The refrigeration capacity of a refrigeration system is the product of the evaporators' enthalpy rise and the evaporators' mass flow rate. The measured capacity of refrigeration is often dimensioned in the unit of kW or BTU/h. Domestic and commercial refrigerators may be rated in kJ/s, or Btu/h of cooling. For commercial and industrial refrigeration systems, the kilowatt (kW) is the basic unit of refrigeration, except in North America, where both ton of refrigeration and BTU/h are used.
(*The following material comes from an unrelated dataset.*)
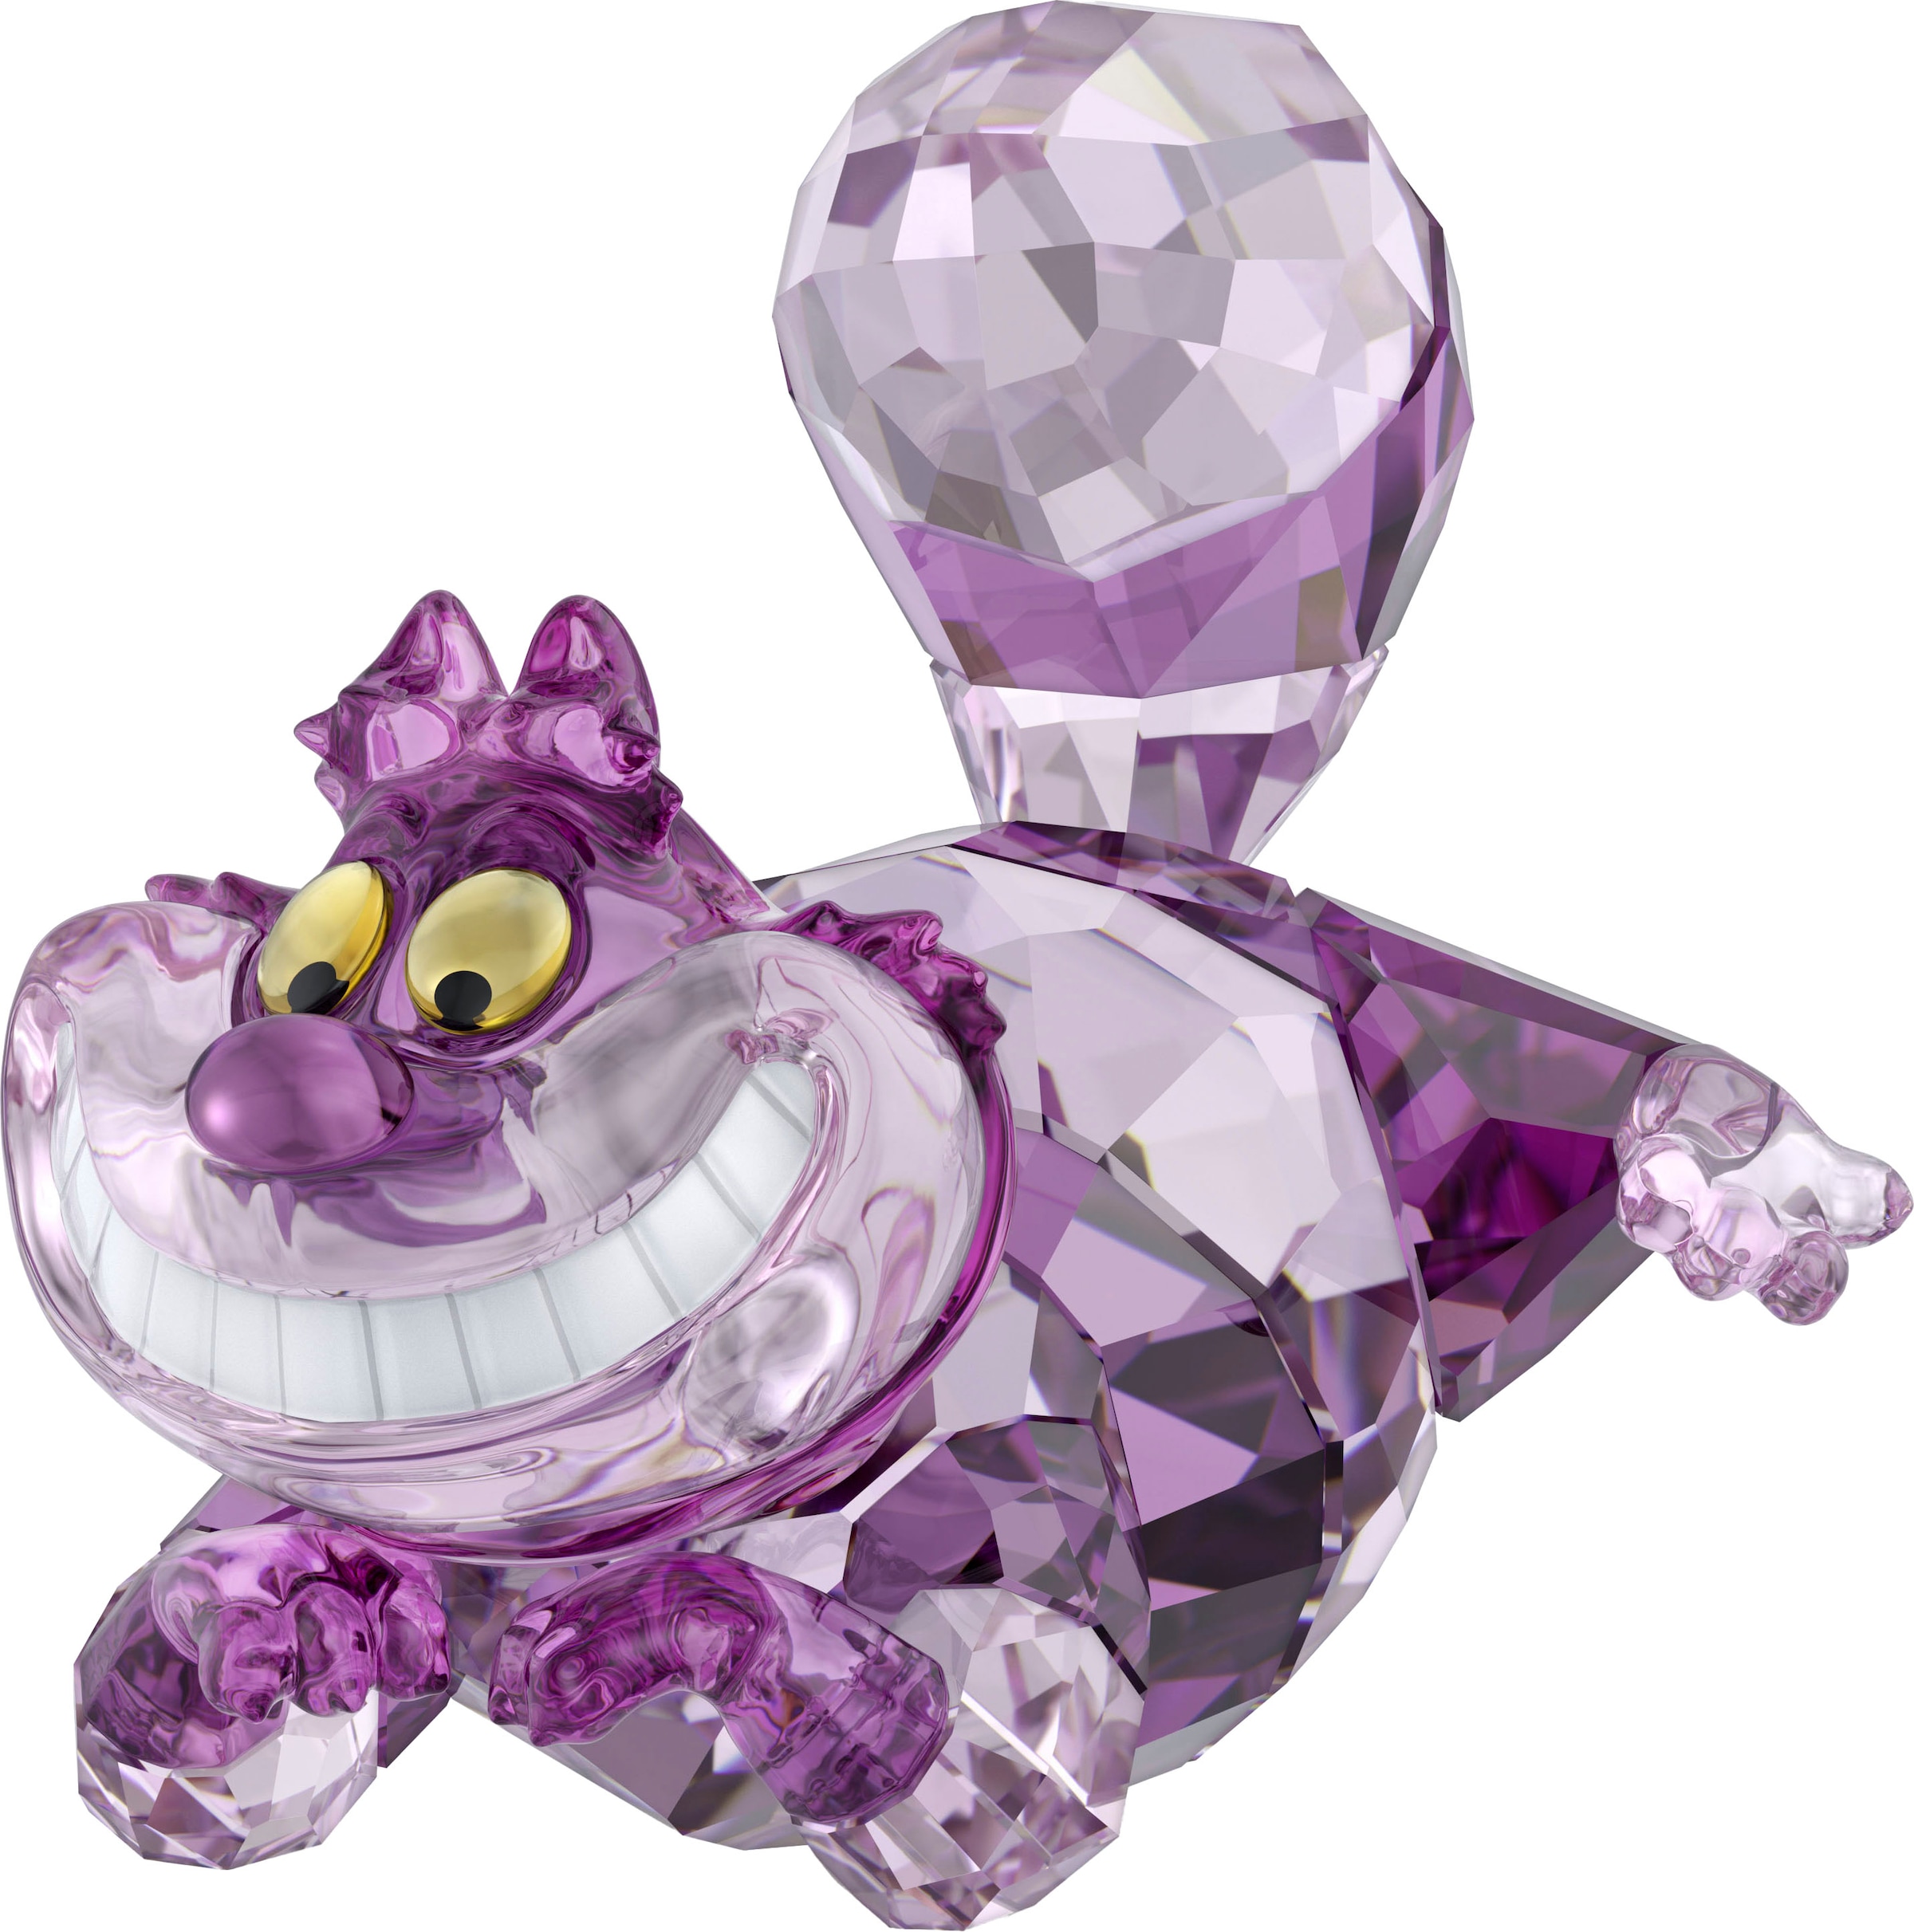 Swarovski Dekofigur »Kristallfigur Sammelfigur Alice Cheshire Cat Grinsekatze, 5668073«, Swarovski® Kristall

A refrigeration system's coefficient of performance (CoP) is very important in determining a system's overall efficiency. It is defined as refrigeration capacity in kW divided by the energy input in kW. While CoP is a very simple measure of performance, it is typically not used for industrial refrigeration in North America. Owners and manufacturers of these systems typically use performance factor (PF). A system's PF is defined as a system's energy input in horsepower divided by its refrigeration capacity in TR. Both CoP and PF can be applied to either the entire system or to system components. For example, an individual compressor can be rated by comparing the energy needed to run the compressor versus the expected refrigeration capacity based on inlet volume flow rate. It is important to note that both CoP and PF for a refrigeration system are only defined at specific operating conditions, including temperatures and thermal loads. Moving away from the specified operating conditions can dramatically change a system's performance.

Air conditioning systems used in residential application typically use SEER (Seasonal Energy Efficiency Ratio)for the energy performance rating. Air conditioning systems for commercial application often use EER (Energy Efficiency Ratio) and IEER (Integrated Energy Efficiency Ratio) for the energy efficiency performance rating.